In its second weekend, the Marvel Studios blockbuster starring Ryan Reynolds and Hugh Jackman continued to steamroll through movie theaters, collecting $97 million according to studio estimates Sunday. That raised its two-week total to $395.6 million, pushing it past the long-reigning top R-rated feature, “The Passion of the Christ,” which held that mark for 20 years with $370 million domestic.

Worldwide, the Shawn Levy-directed “Deadpool & Wolverine" has quickly amassed $824.1 million in ticket sales, a total that already surpasses the global hauls of the first two “Deadpool” films. The 2016 original grossed $782.6 million worldwide; the 2018 sequel collected $734.5 million.

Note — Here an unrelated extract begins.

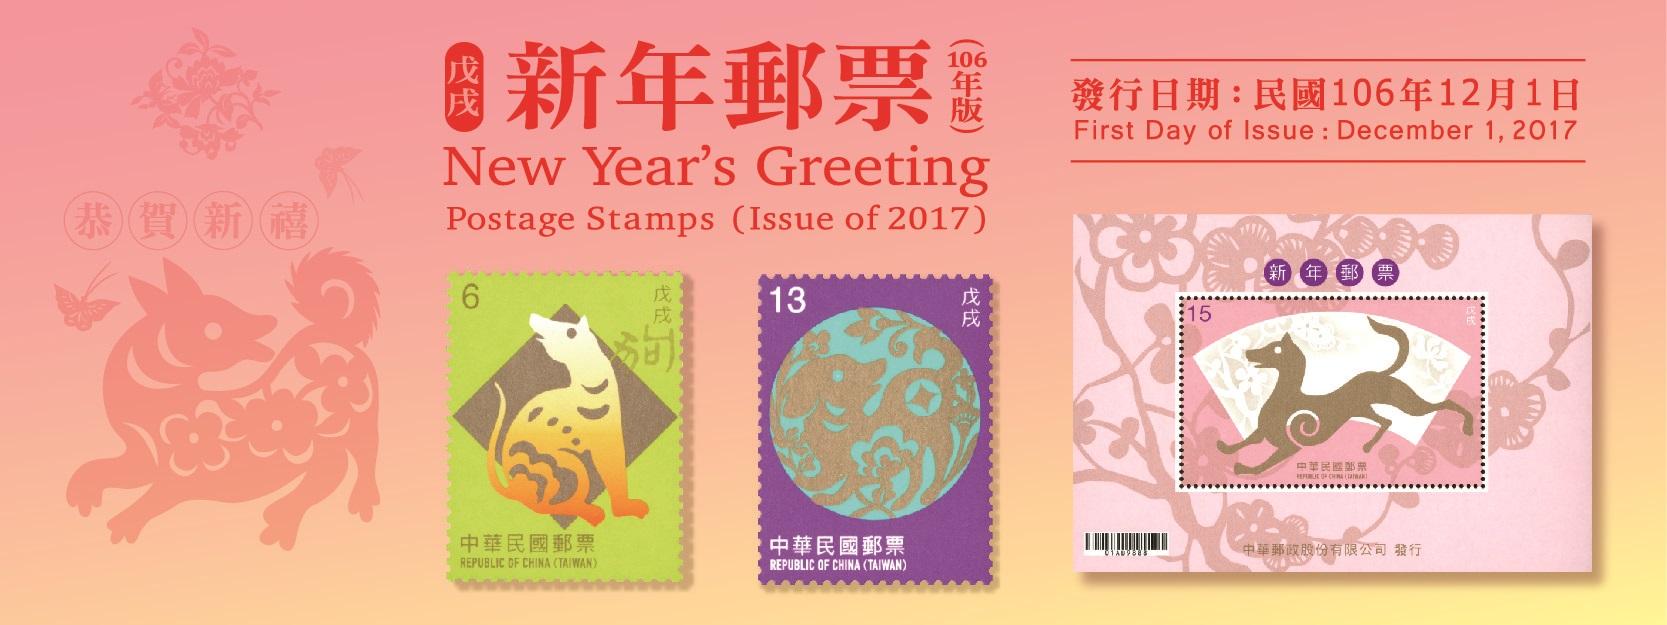 廣告連結:特659 新年郵票(106年版)

The weekend’s primary challengers both struggled.

M. Night Shyamalan’s latest thriller, “Trap,” managed a modest opening of $15.6 million at 3,181 theaters for Warner Bros. The film, starring Josh Hartnett as a serial killer hunted by police at a pop concert, didn’t screen for critics before opening day and scored lower in reviews (48% fresh on Rotten Tomatoes) than Shyamalan’s films typically do. Audiences gave it a C+ CinemaScore.

With a budget of about $35 million, “Trap” didn’t need a huge opening, but may struggle to break even.

“This is a soft opening for an M. Night Shyamalan suspense crime thriller,” wrote David A. Gross, a film consultant who publishes a newsletter for Franchise Entertainment. “The writer/director’s movies out-earn other original thrillers by a wide margin, and that’s true here, but this start is not on the level of recent Shyamalan films.”

The live-action “Harold and the Purple Crayon,” adapted from the classic kids book, also didn’t make much of a mark in theaters. The Sony Pictures release debuted with $6 million. It, too, got dinged by critics (28% fresh on Rotten Tomatoes), though audiences (an A- CinemaScore) liked it more.